The sheriff said he was a “little at a loss” as to why the reportedly boisterous and
sometimes bloody affairs had never drawn one disturbing-the-peace report, but
thought perhaps it was because they were usually held in the subterranean basements
of large estate homes, “typically near the wine cellars.”
According to criminologist I.C. Hunter, who heads NC State University’s Criminology
Curriculum in the Department of Sociology and Anthropology, each community is
susceptible to different criminal vices according to its character, or characters, as the
case may be.
“For example, Charlotte tends toward financial crimes such as embezzlement and wire
fraud, while Chapel Hill gravitates toward intellectual property theft,” said Hunter. “I
wouldn’t leave even a half-baked idea laying around unguarded on Franklin Street. It
would last about as long as an untethered laptop in Davis Library,” he added.
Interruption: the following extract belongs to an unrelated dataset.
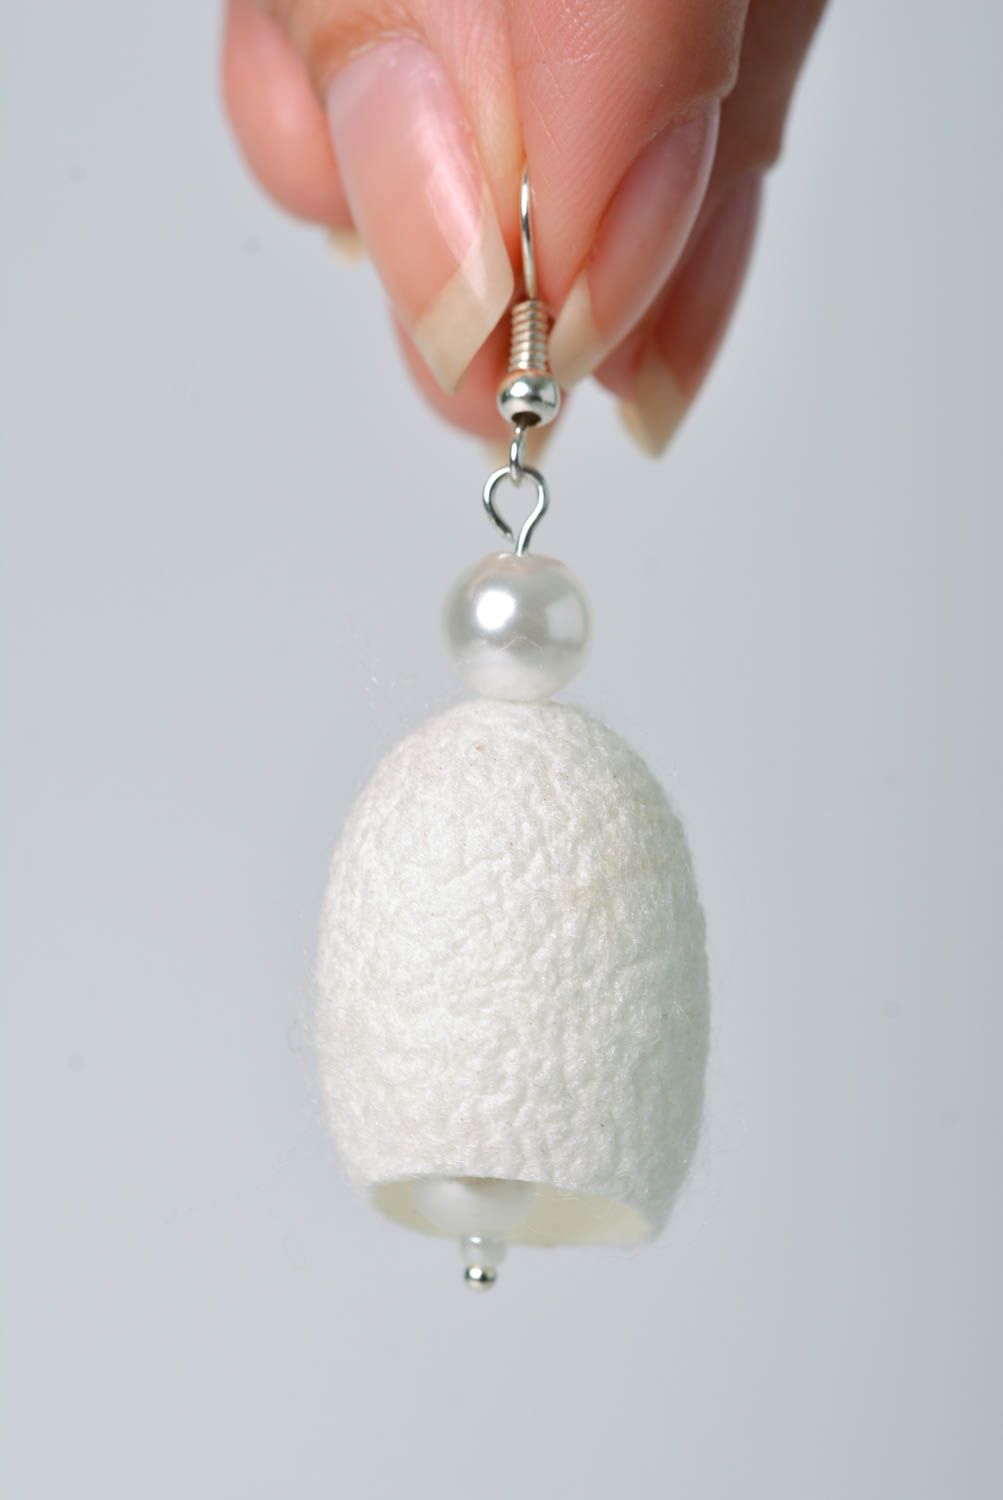 Handmade earrings designer earrings unusual gift beads accessory gift ideas photo 3

Prof. Hunter said that Hillsborough, as a “literary village,” is prone to language-based
crime such as “criminal uttering, con artistry of various sorts and, of course, doggerel
rings.”
“While poetry ring has a quaint sound to it, in the modern era literary rings are not of
the innocuous sort that you might imagine with tea, crumpets and lace doilies. When it
comes to the acrimony among these poetry rings, they act more like Crips and
Bloods,” said Hunter.
“If you don’t think this is so, just mention Doug Marlette, or Allan Gurganus, in the
wrong Hillsborough literary circle, as I did once, and see if you escape with your
eyebrows unsinged,” said Hunter. “Somebody may still think it’s sticks and stones that
break your bones, but not me. I’d rather face a stone-hurling mob than face that
gauntlet of flame throwers with their withering verbal fire,” he added.
Eidenier, on the advice of his attorney, said he would decline comment on the charges
against him but could not resist making one. “I rhyme all the time,” said Eidenier. “Is
that a crime?” he asked.
A court hearing set for October 12, Dr. Hunter mused, may answer that question.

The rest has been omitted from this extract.